Surging Home Prices Prompt Calls for More UK Homebuilding

Matt Clinch, special to CNBC.com
WATCH LIVE

New research suggests that a shortage of homes is causing house prices to soar in the U.K., with properties in England rising by 94 percent over the last decade and analysts warn that more needs to be done to stimulate house building to keep prices in check.

Construction worker in New York City.
Oliver Quillia for CNBC.com

David Ritchie, CEO of house builder Bovis Homes , which managed to double its profit in the first half of this year, believes that more needs to be done to help first-time buyers.

“We could increase production if we could see greater demand from customers, particularly those first time buyers who are struggling.”

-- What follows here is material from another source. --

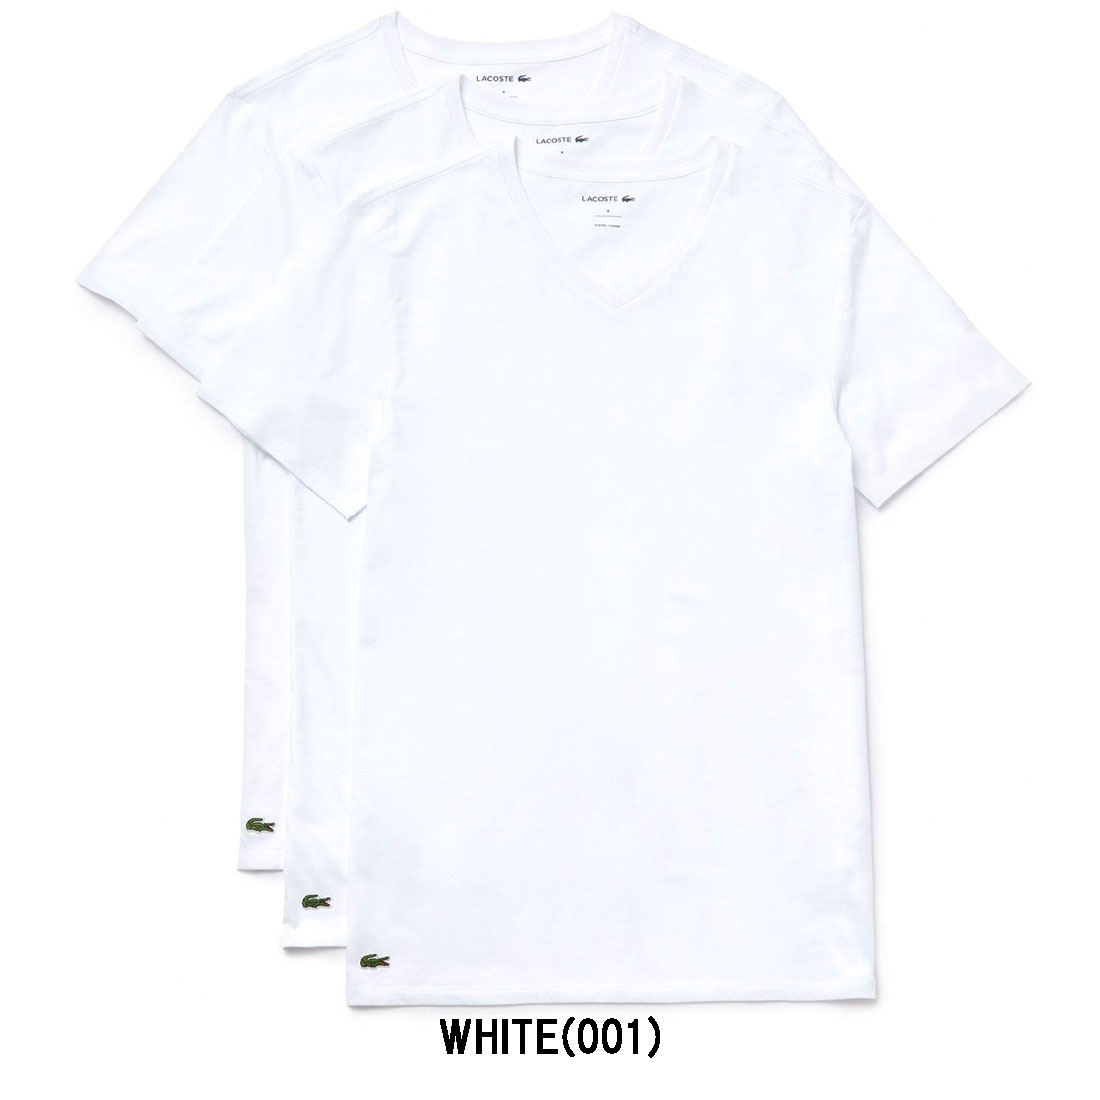 LACOSTE(ラコステ)Vネック 無地 インナー Tシャツ ワンポイント 3枚組 半袖 メンズ TH3374

“We have to have a banking sector that is keen to lend and I think at the moment, and I understand why, I think there is a reluctance to lend particularly at that high loan-to-value,” he told CNBC Monday.

The National Housing Federation (NHF) released figures last week showing that house prices in England have increased three times as much as income in the last ten years, with the deposit needed to get a mortgage up by 386 percent.

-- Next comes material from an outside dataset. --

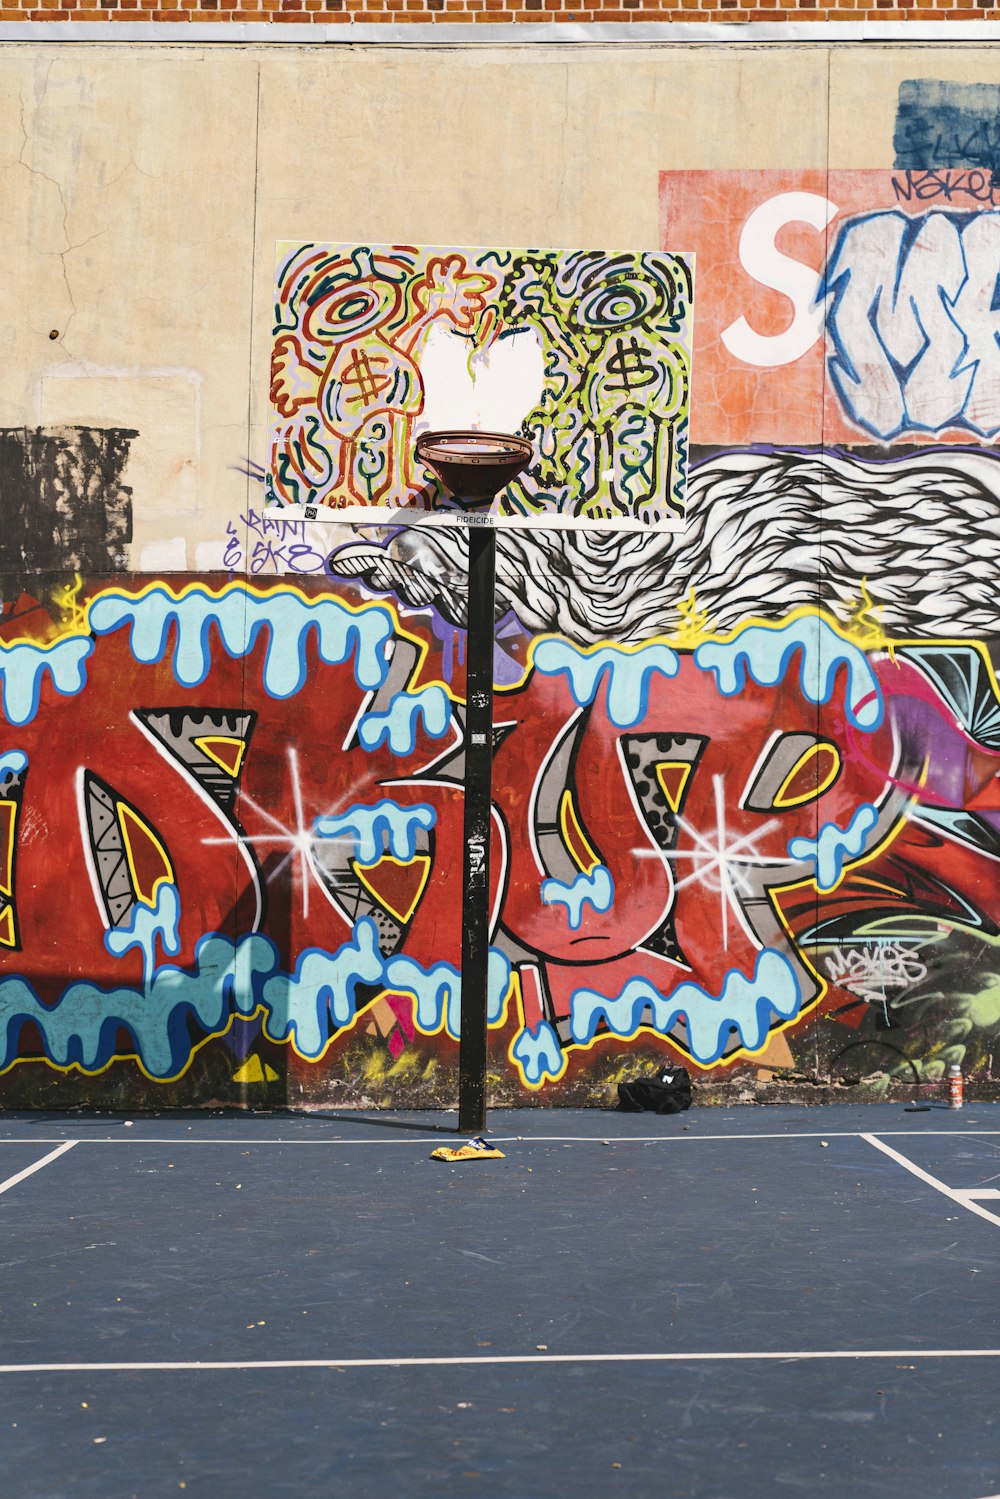 painted basketball hoop near graffiti wall

Ritchie said government schemes like First Buy and New Buy have helped banks to lend, but more needs to be done to stimulate house building. Bovis Homes themselves have had to help first-time buyers in directly financing their deposits for homes.

David Orr, Chief Executive of the NHF says it’s getting increasingly harder for people to buy property in the current economic climate.

“A shortage of homes means the price to buy them is being pushed ever higher by the market, and out of reach of millions of hard working families,” he said in a statement.

“Unless we start building more homes people can truly afford to match the demand, this will only get worse.”

Giles Keating, Head of Research at Credit Suisse, says a stimulus for house building would be needed in order for the sector to become a more viable investment opportunity.

“I think investors have seen a recovery from very low levels, they’ve not seen really a move to a really strong growth path,” he told CNBC Monday.

“You need to get that credit moving and it’s not moving yet.”

Bovis Homes: Challenges Remain for First Time Buyers
VIDEO7:4407:44
Bovis Homes: Challenges Remain for First Time Buyers

Markit Economics have released data showing that U.K. households are at their least pessimistic since December 2010, according to their household finance index, which is at its best level in two and a half years. But the evidence suggests that this news isn’t having an impact on first time buyers.

Henry Dixon, Fund Manager at Matterley Asset Management underlined the importance for government intervention and said he favors a push for construction as a whole, rather than purely house builders.

“We’ve seen under Thatcher, under Clinton, that if you have this big housing stimulated boom, it tends to bring down house prices quite dramatically in the aftermath of that,” he told CNBC.

“So I think we have to be quite careful there, but with construction I think that is absolutely what this country needs.”

Brenda Kelly, Senior Market Strategist at CMC Markets said she was worried about lower demand, despite the positive numbers from Bovis Homes.

“I think in some ways they can have a positive outlook but given the fact that the U.K. can’t necessarily be insulated by the euro zone downturn, then I would be a little reticent to get involved in that stock at the moment,” she told CNBC Monday. “So I think in some ways I would be cautious.”